Assuming your bad (X)HTML is all consistent with this example, the rule seems pretty obvious: You want to treat script tags as if they were cdata. That isn't valid, but that gives you something relatively simple that you can write and apply to your page before parsing it. You could either cdata-fy the script body, quote angle brackets within the script body, or whatever else you find appropriate. Then you'll have valid markup (or maybe you'll just have the next error to deal with) that you can successfully parse. (Without knowing what you're trying to do with the data beyond parsing, most likely nobody can suggest anything too much more specific.)


The rule you suggested, "making a regular expression to escape < and > if they are found within a quote", is clearly not going to work.

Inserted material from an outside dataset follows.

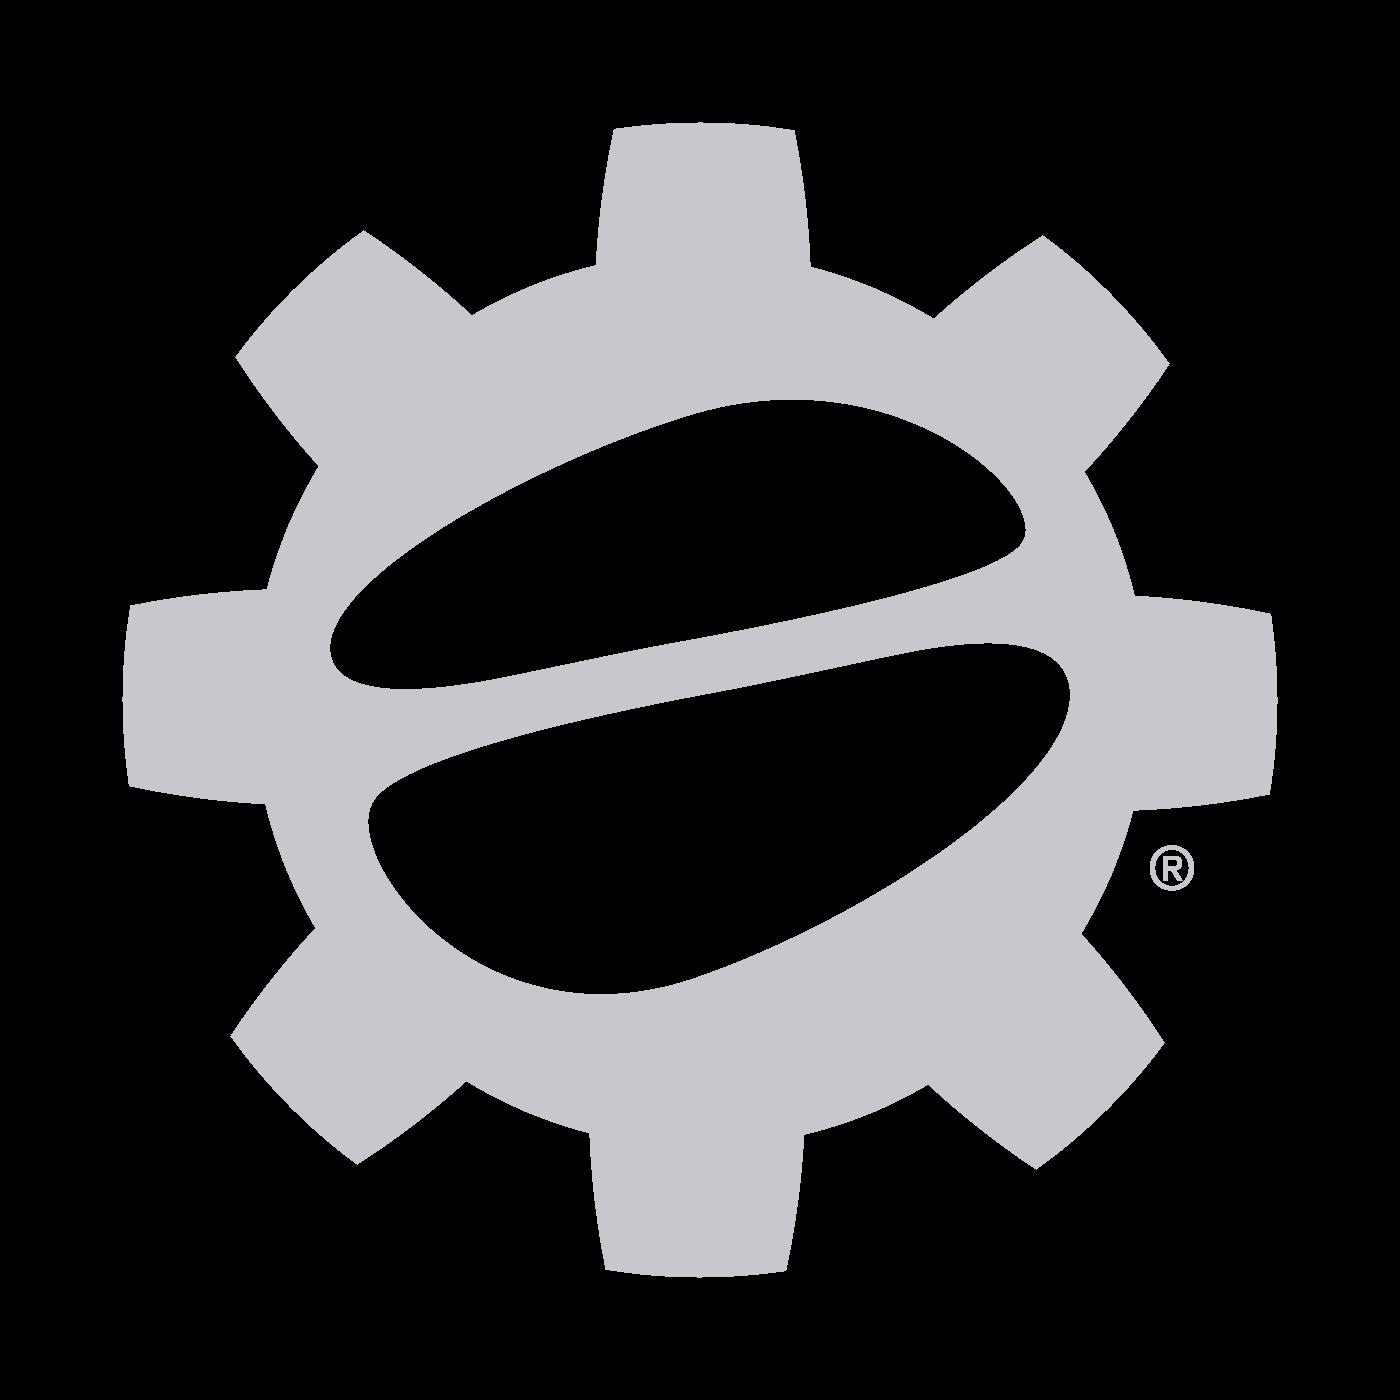 Philips Saeco 3200 LatteGo Superautomatic Espresso Machine - 3 4
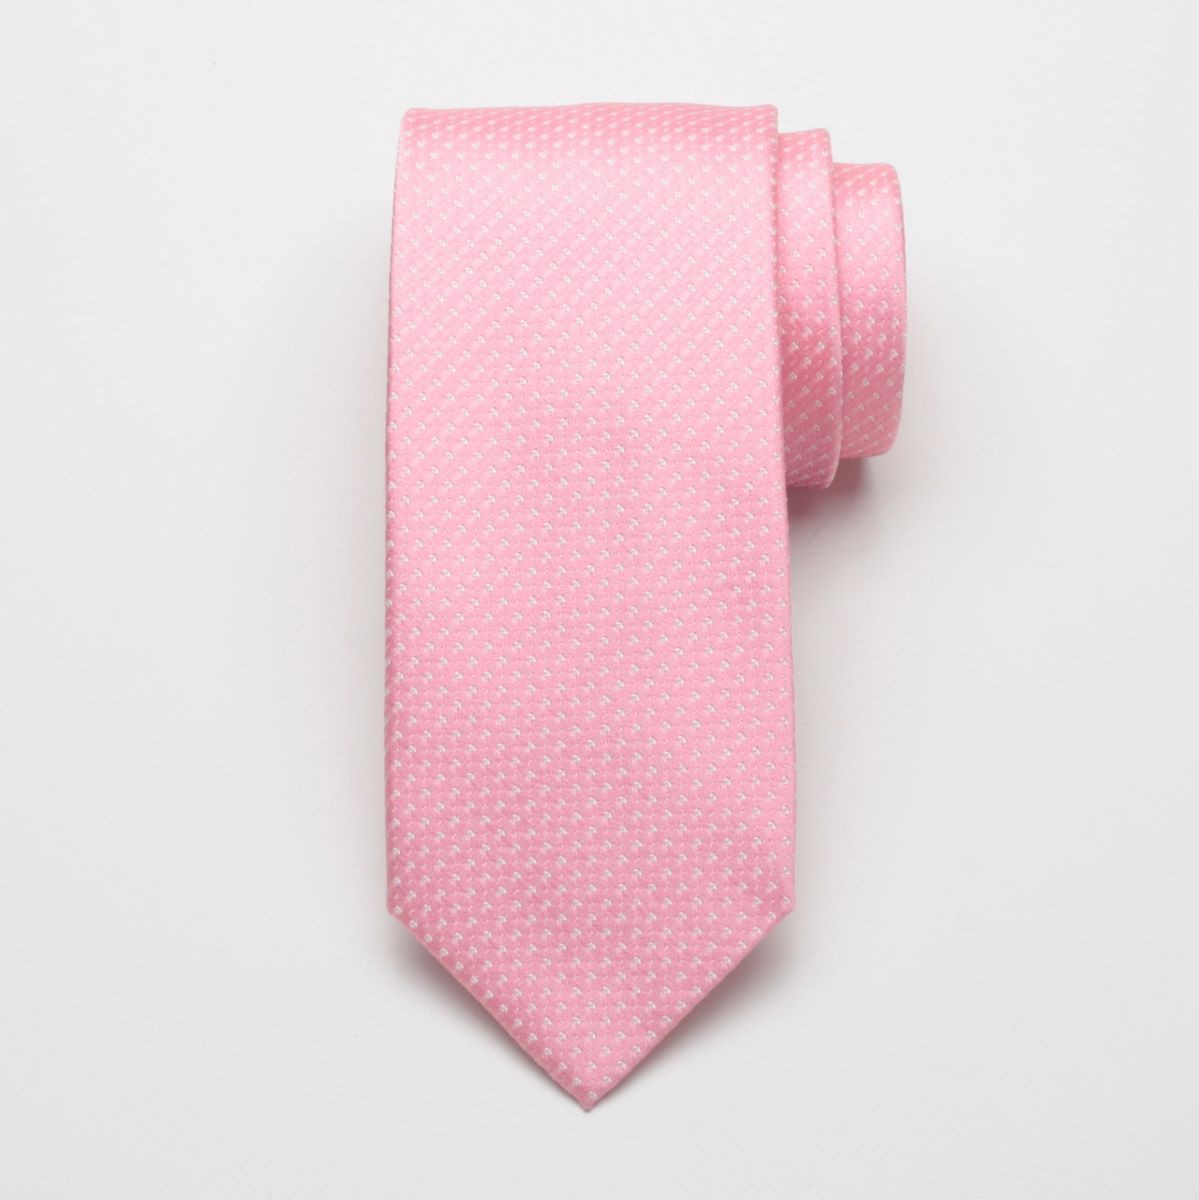 Krawat jedwabny Fine Selection (wzór 57)

Consider how this would affect these two fragments:

<div id='normal'>Here is some '<div id='quoted'>quoted</div>' text</div>
<div id='normal'>Here's some '<div id='quoted'>quoted</div>' text</div>

And that's even besides the issue that, even if the language you're suggesting were not ambiguous, it still wouldn't be a regular language.


Also, it's worth asking whether this is actually XML in the first place. If it's XHTML, it's got additional problems—e.g., document.write does not exist in the XHTML DOM. It might be the XML serialization profile for HTML5, but it might just be HTML5 or HTML 4.01, in which case you shouldn't be trying to parse it as XML in the first place.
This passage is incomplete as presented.